Save descriptive attributes of variables to a do-file and/or a Stata dataset

descsave [varlist] [using filename] [ , dofile(dofilename [, replace]) list( [varlist] [if] [in] [ , [list_options] ] ) saving(datafilename [, replace]) norestore fast flist(global_macro_name) charlist(characteristic_list) idnum(#) idstr(string) rename(oldvarname_1 newvarname_1 ... oldvarname_n newvarname_n) gsort(gsort_list) keep(varlist) ]

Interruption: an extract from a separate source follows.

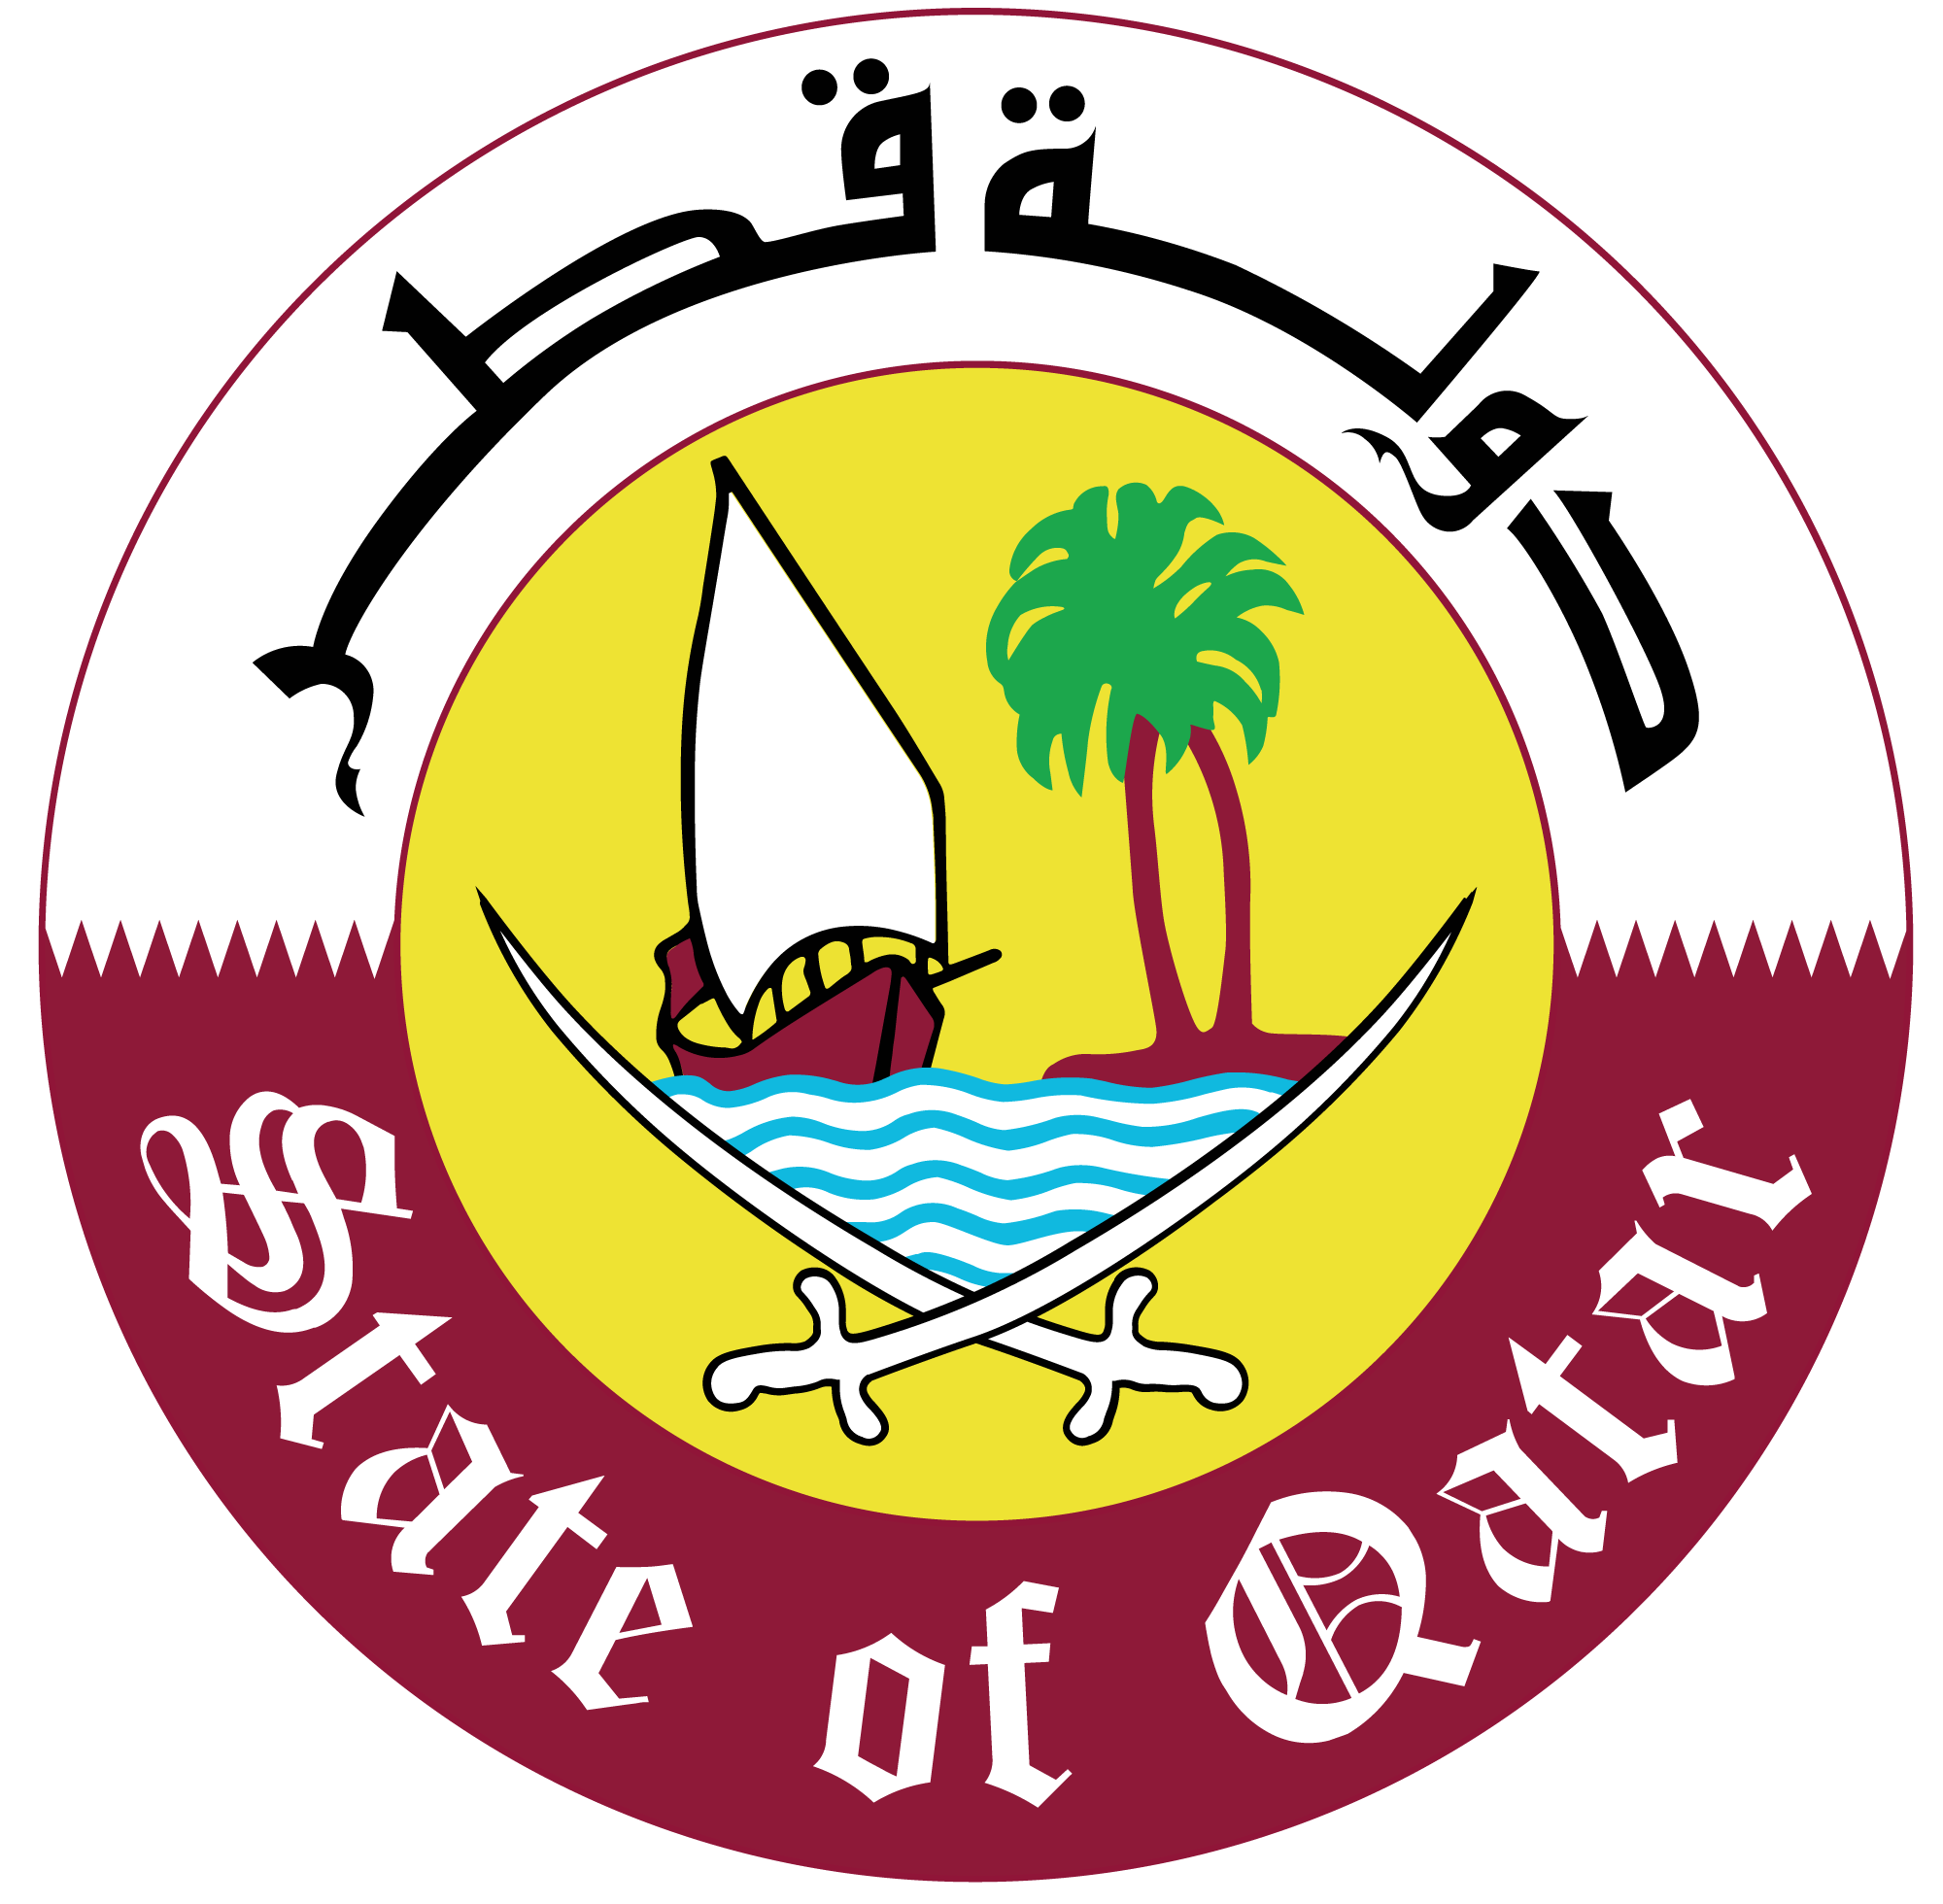 Simbolo De Qatar 2022

where list_options is a list of options accepted by the list command, characteristic_list is a list of characteristic_names and/or asterisks (*) separated by spaces, and gsort_list is a list of one or more elements of the form

[+|-]varname

as used by the gsort command.

Description

descsave is an extended version of describe, which lists descriptive attributes for a list of variables in a dataset given by varlist, or for all variables in the dataset if varlist is not specified. The dataset is the current dataset in memory, unless using is used to specify a dataset in a file. The descriptive attributes are variable names, storage types, display formats, value labels and variable labels (as output by describe), and also (optionally) a list of characteristics specified by the charlist() option. descsave creates an output Stata dataset (or resultsset) with one observation per variable and data on these descriptive attributes. This dataset may be listed using the list() option and/or saved to a file using the saving() option and/or written to the memory using the norestore or fast option, overwriting any existing dataset. The file specified by dofile() is a do-file, containing commands which can be run to reconstruct the descriptive attributes of the variables, assuming that variables of the same names have been created and are numeric or character as appropriate. descsave can be used together with outsheet to create a definitive generic spreadsheet version of the current dataset, together with a Stata do-file to reconstruct the descriptive attributes of the variables after the spreadsheet has been input using insheet.

Options

These options fall into the following 2 groups:

Option group Description -------------------------------------------------------------------------- outdest_opts Output-destination options for the do-file and/or resultsset conspec_opts Content-specifying options for the resultsset --------------------------------------------------------------------------

Output-destination options

dofile(dofilename [, replace]) specifies an output Stata do-file, with commands to reconstruct the variable descriptive attributes (storage types, display formats, value labels, variable labels and selected characteristics), assuming that variables with those names already exist and are numeric or string-valued as appropriate. If replace is specified, then any existing file of the same name is overwritten.

list(varlist [if exp] [in range] [, list_options ] ) specifies a list of variables in the output dataset, which will be listed to the Stata log by descsave. The user may optionally also specify if or in clauses to list subsets of variables, or change the display style using a list of list_options allowed as options by the list command. If the rename() option is specified (see below), then any variable names specified by the list() option must be the new names. If the list() option is absent, then nothing is listed.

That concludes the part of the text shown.